Categories
Historical Fiction

SHE’S LEAVING HOME by William Shaw

Imagine Raymond Carver and Nick Hornby collaborating on an episode of PRIME SUSPECT set in 1968. Not (for the most part, anyway) in the Technicolor London of Carnaby Street and King’s Road, but in a grim, gray postwar London pockmarked with bomb sites and reeling from waves of immigration from Britain’s former colonies.

Shaw’s protagonist, Detective Sergeant Cathal “Paddy” Breen, is himself the son of Irish immigrants, and an outsider in nearly every way–unmarried, unambitious, alienated by the brutish, racist, and sexist behavior of his fellow CID officers, and a generation away from the glittering denizens of Swinging London. Stunned by the death of his father, whom he nursed through his long final illness, Breen finds himself behaving in unexpected ways–fleeing a crime scene, nauseated by violence, unable to control his emotions.

To redeem himself, Breen takes on the case of a murdered teenage girl who was found a few blocks away from EMI’s Abbey Road studios. Assigned to assist him is newly arrived Temporary Detective Constable Helen Tozer, whose status as a female detective is regarded by the rest of the squad as mildly ridiculous.

Tozer is talkative where Breen is laconic, tuned-in to pop culture where he is uninterested, energetic where he is plodding, rural where he is urban. Yet each recognizes in the other intelligence and curiosity and an eye for particulars. Their scenes together light up the page.

All the characters shine: Bailey, the hapless, intimidated CID superintendent; the surly owner of the bagel shop down the street from Breen’s flat; the aggrieved occupants of the housing block overlooking the crime scene. Even the most incidental characters are fully formed and carry the weight of their personal histories.

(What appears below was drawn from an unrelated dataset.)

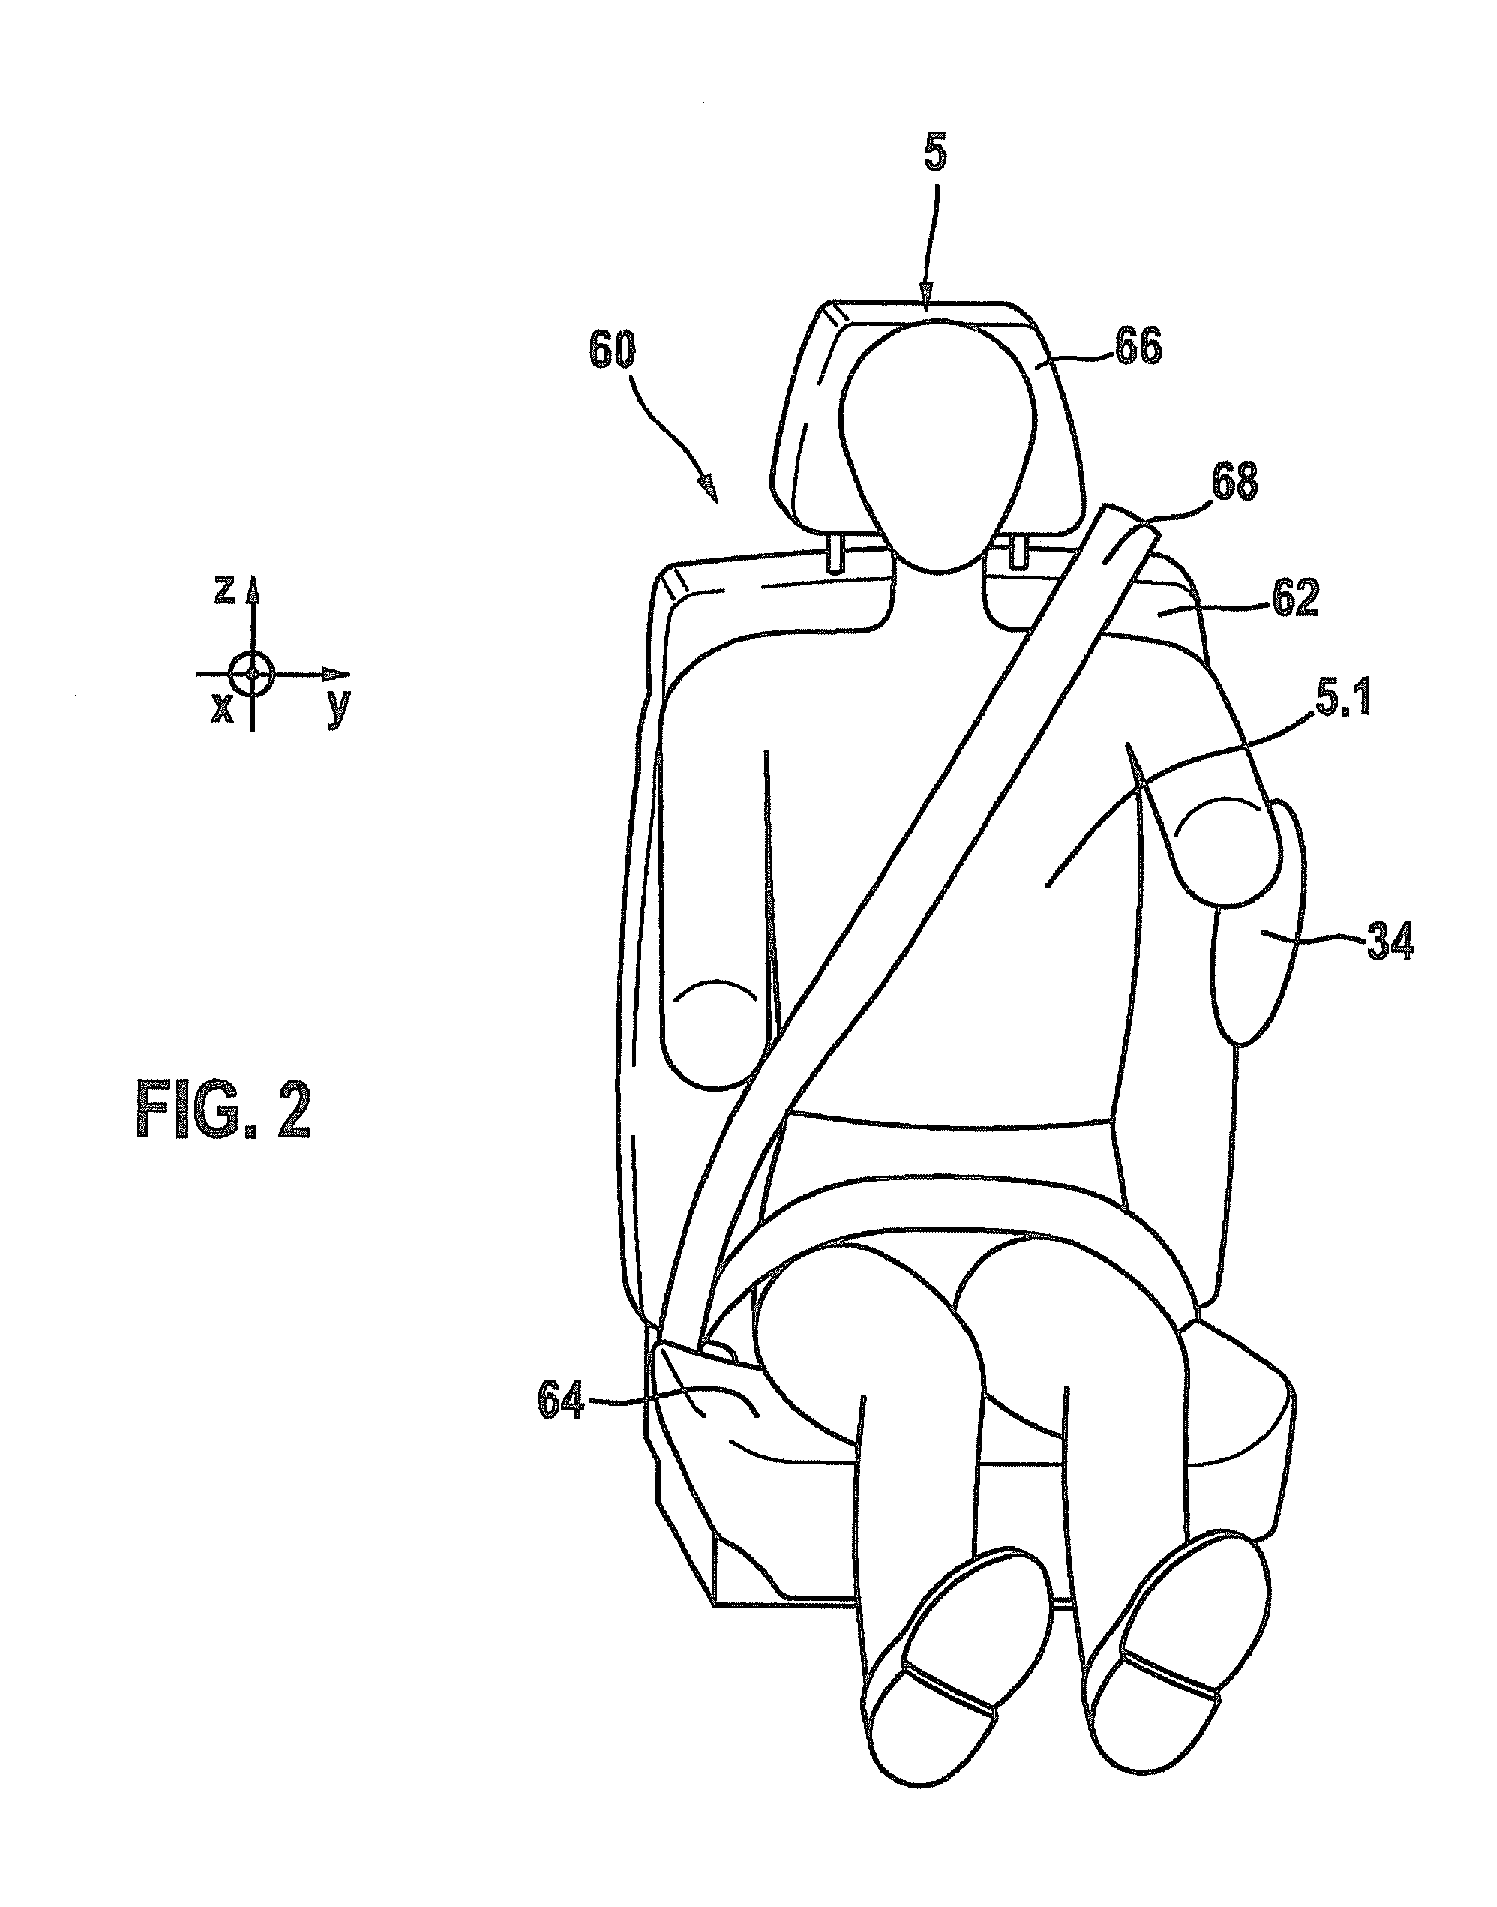 Method and device for protecting and restraining a passenger and an evaluation and control unit for a protection and restraint device

More than that, they carry the weight of the historical moment, from the rise of the counterculture to the civil war in Biafra, from assassinations in the US to government scandal in Britain. Shaw makes these cultural conflicts personal for all of his characters, adding political heft that takes the novel beyond mere entertainment. And, speaking of the historical moment, his period details are flawless.

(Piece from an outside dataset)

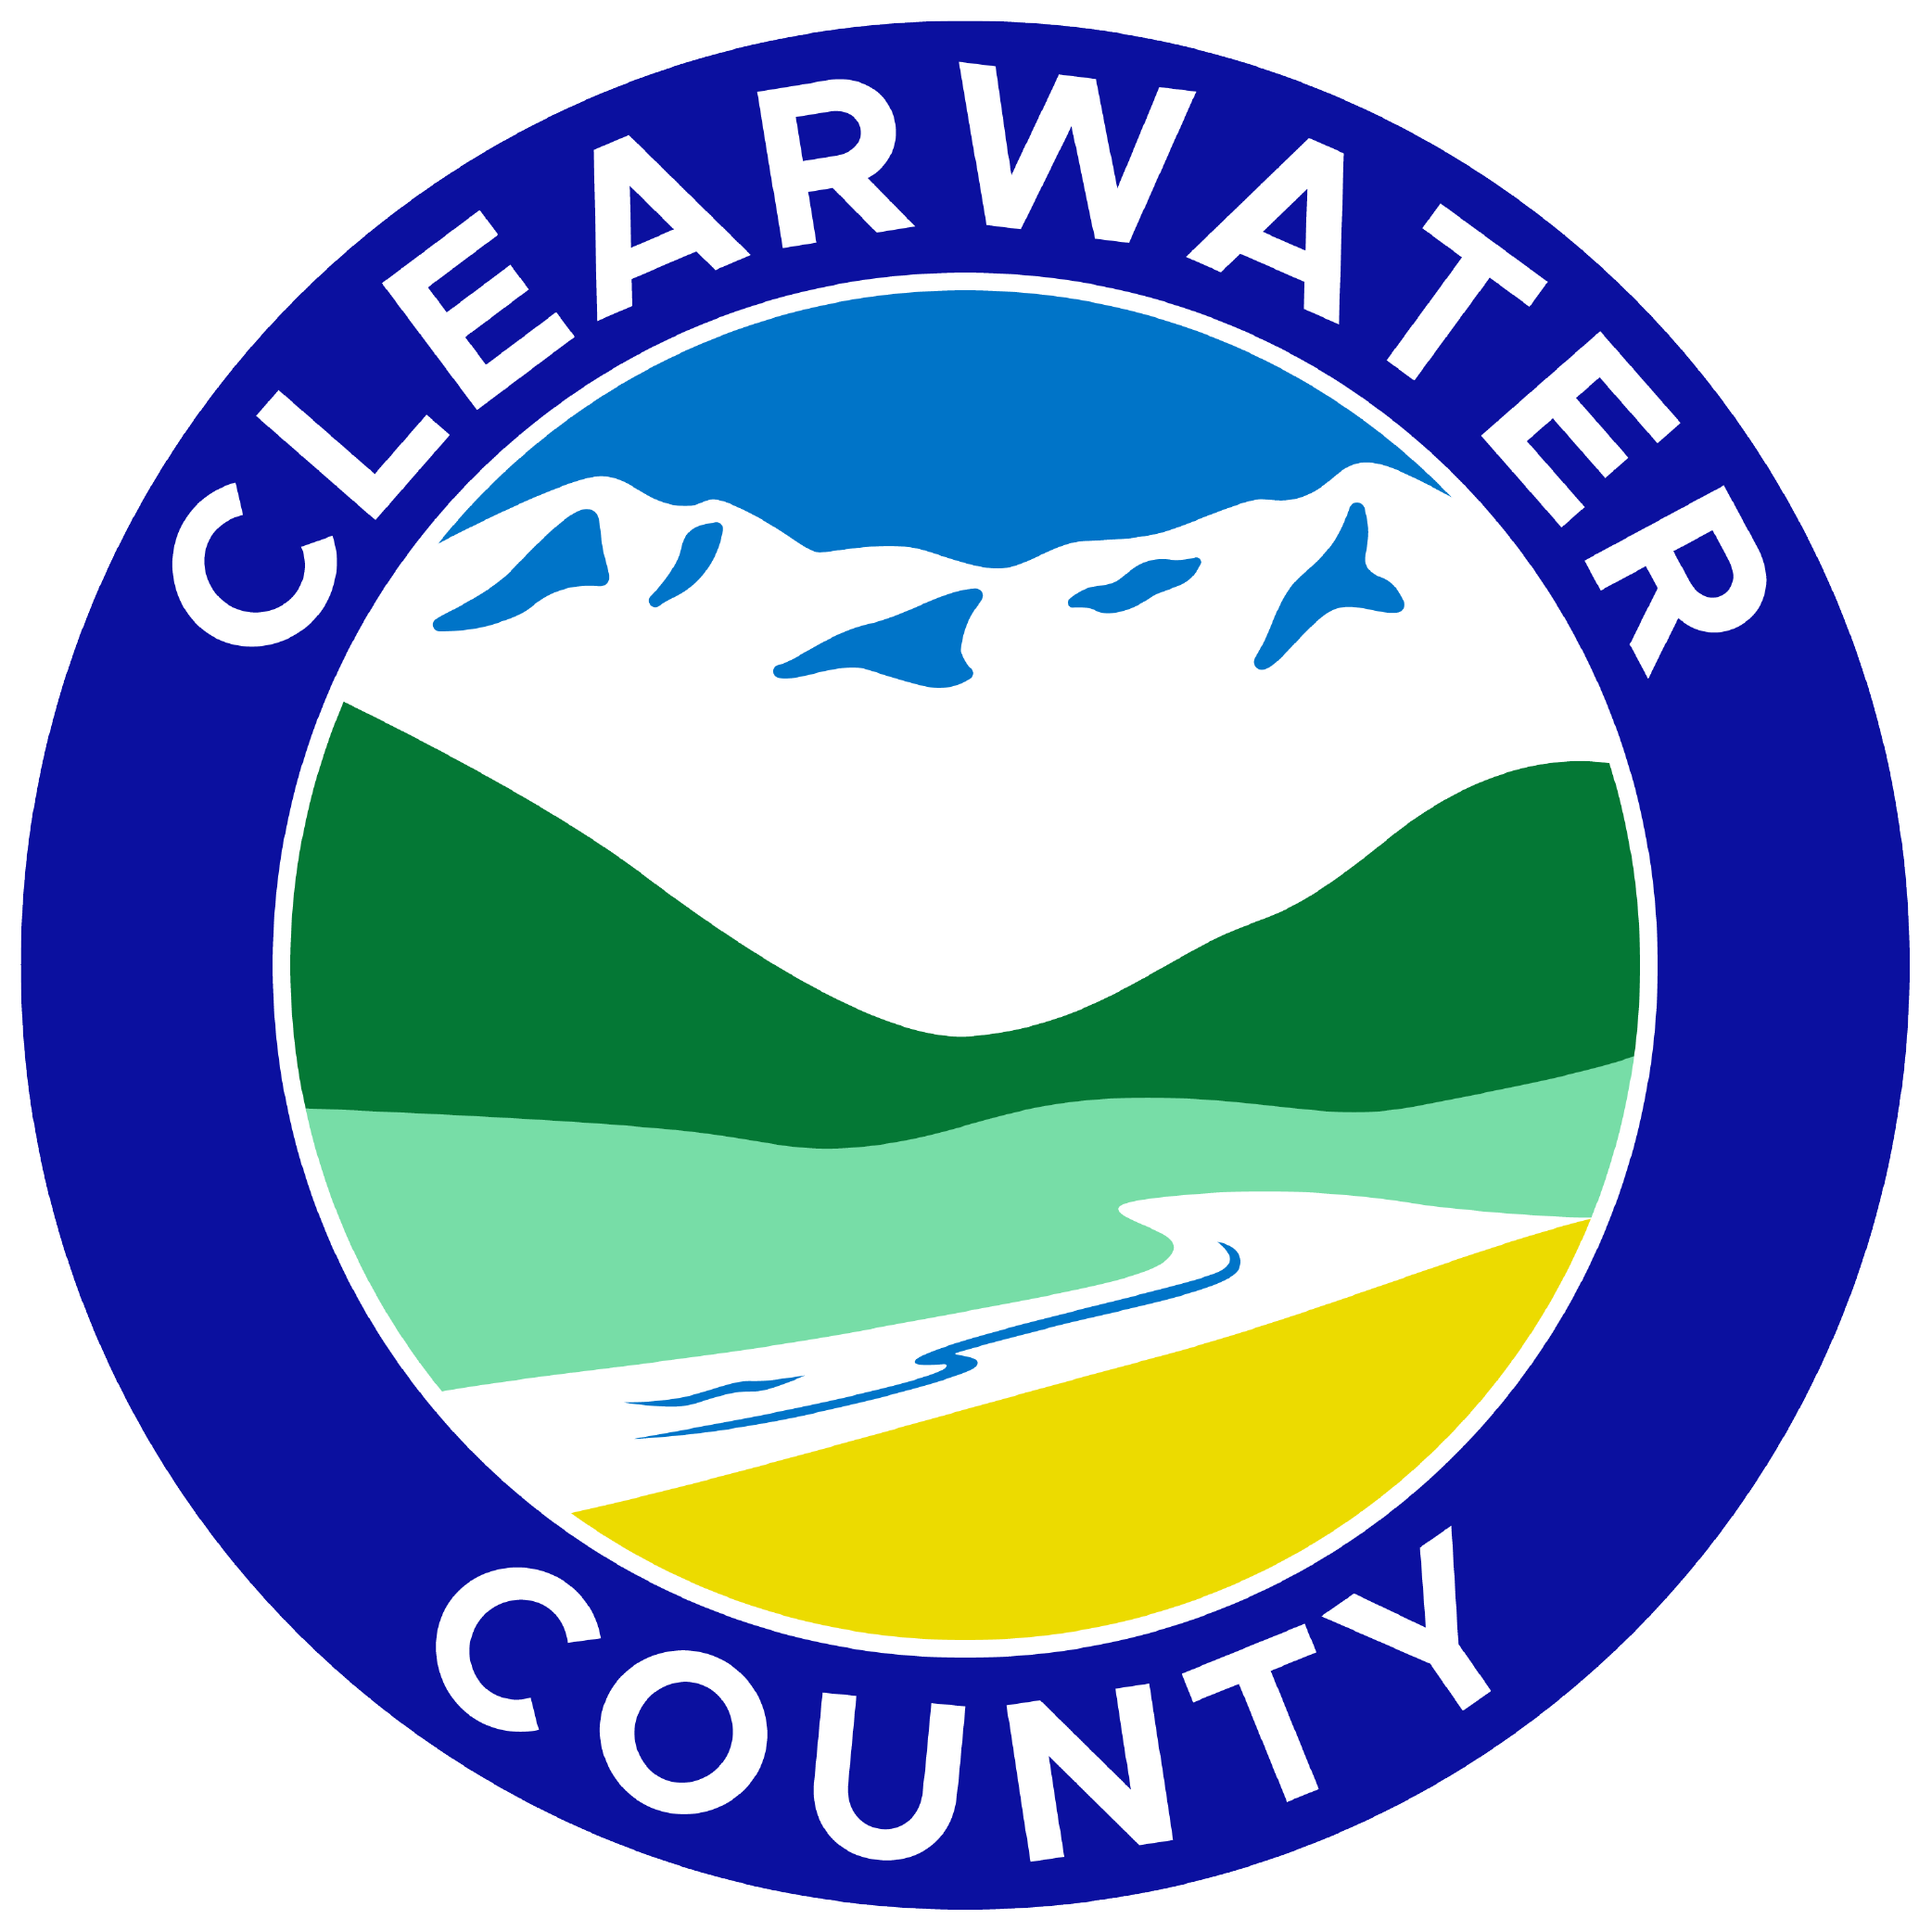 Clearwater County - Land Use Bylaw Rewrite

The writing throughout is restrained and focused on specifics, as in this description of the squad room: “The morning light filtered through the canvas blinds. Olivetti typewriters filled with triplicate forms, white on top, yellow in the middle and pink underneath. The picture of the Queen. Blackstone’s Police Manual and Butterworth’s Police Procedure. Green enamel lampshades hanging from the ceiling, comfortably coated in dust.” And the dialog is even better. Sharp, rapid fire, full of double entendre and personal quirks, frequently going in multiple directions at once.

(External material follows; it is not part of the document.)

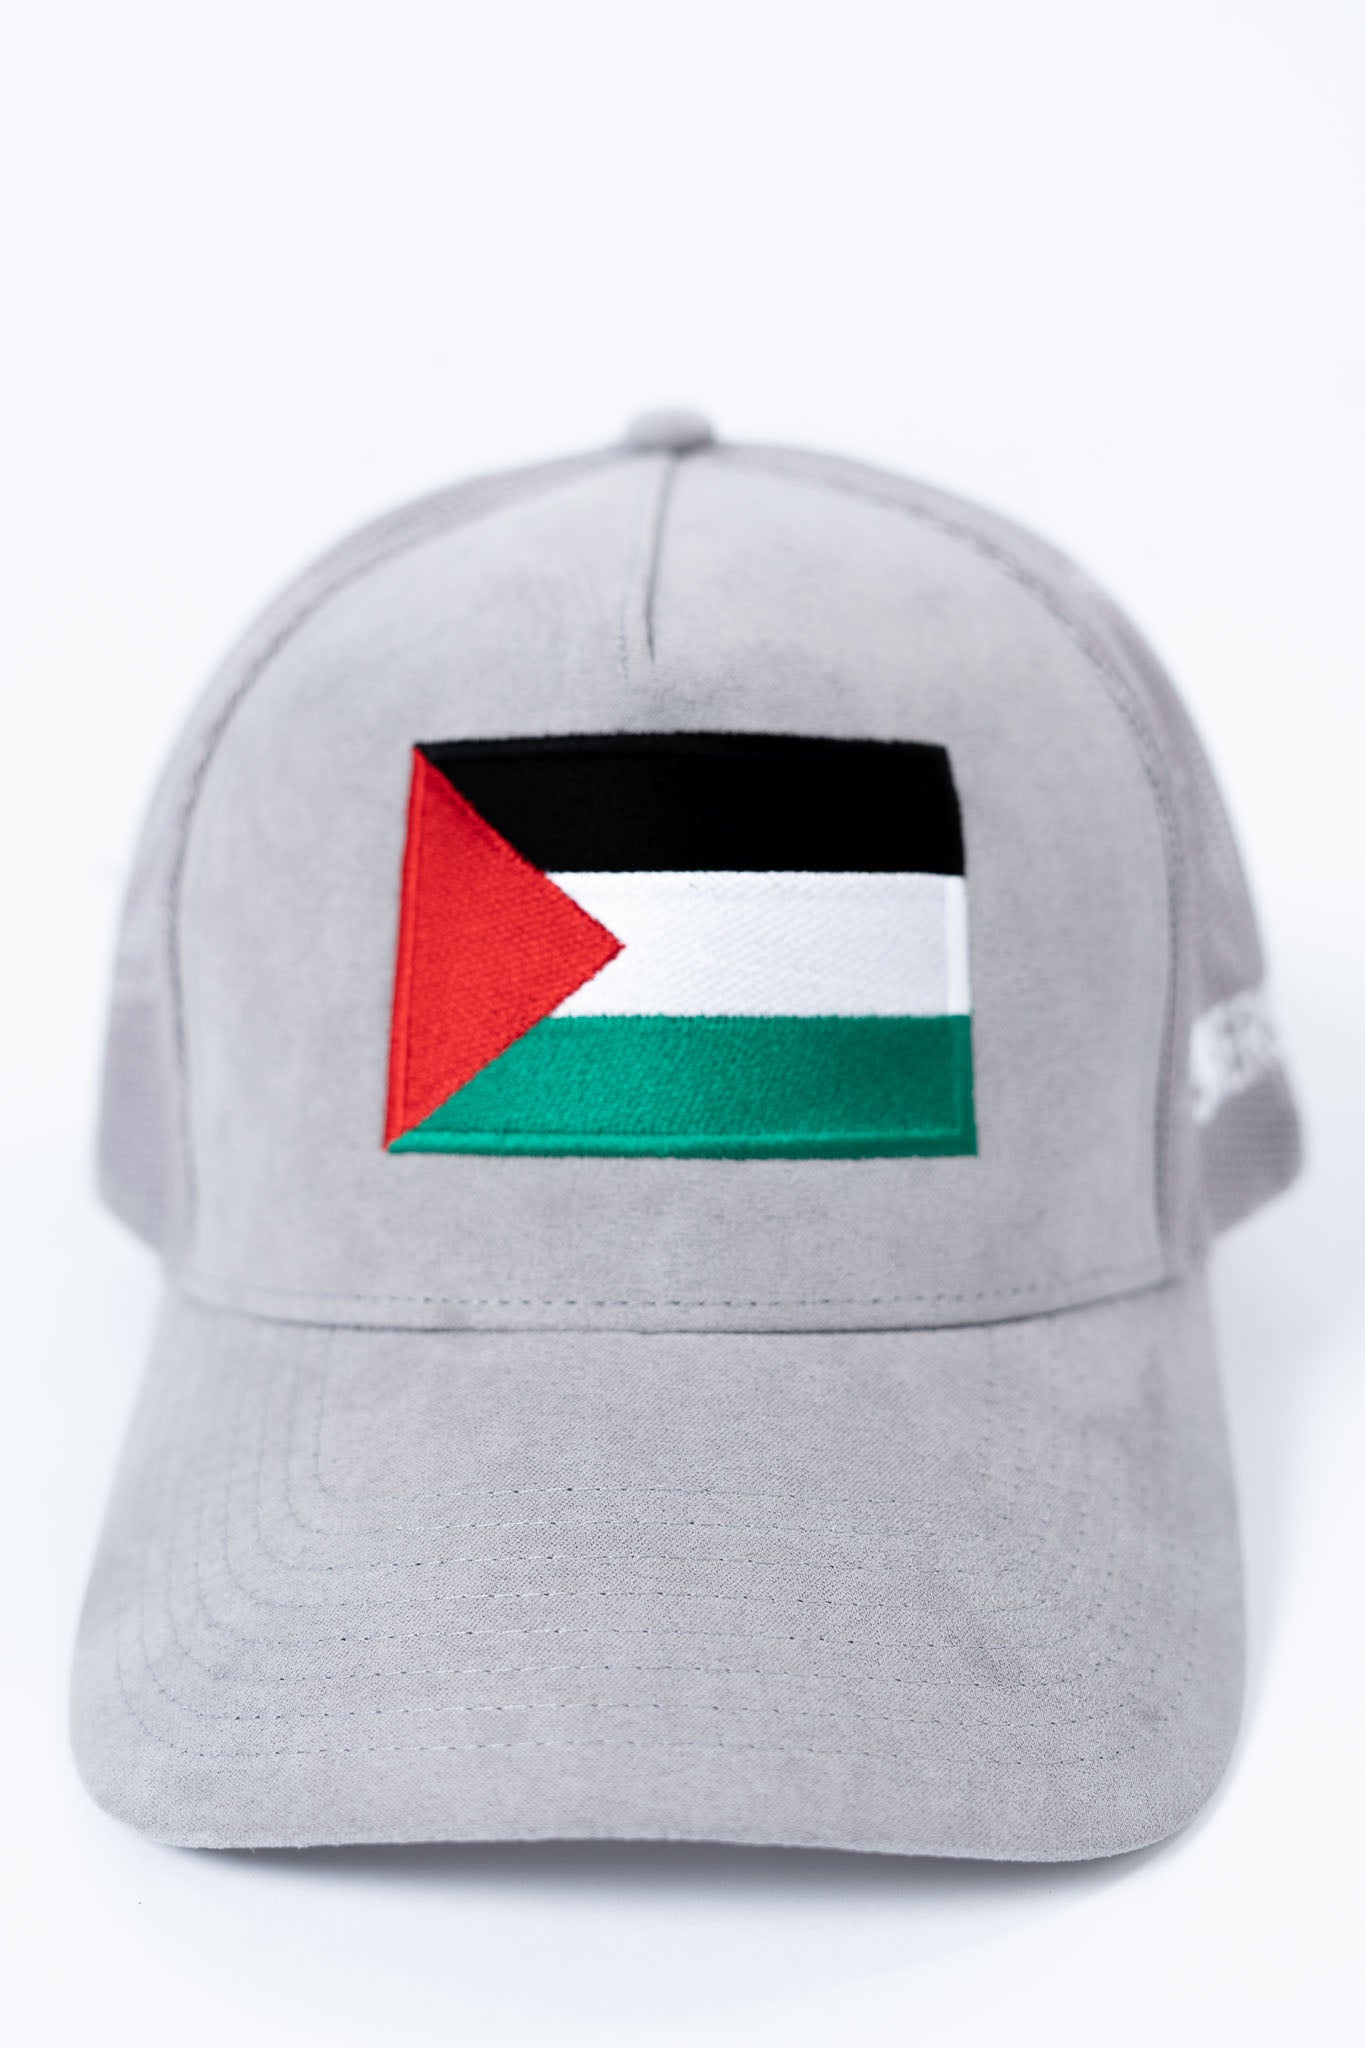 We Stand with Palestine - Light Grey Suede/Mesh Caps

The novel is brutally realistic in language and events, and the constant twists and turns of the plot make for relentless suspense. As the mood shifted from dark comedy to heartbreak and back again, my emotions were as fully engaged as my intellect. SHE’S LEAVING HOME is ultimately satisfying as a mystery while leaving the fates of Breen and Tozer unresolved. The last two paragraphs, in fact, were so ineffably sad that I was only consoled by the knowledge that this is the start–and what a start–of a series.

Thanks and a tip of the auld titfer to Steve Pease, a man who knows his way around a novel or a guitar.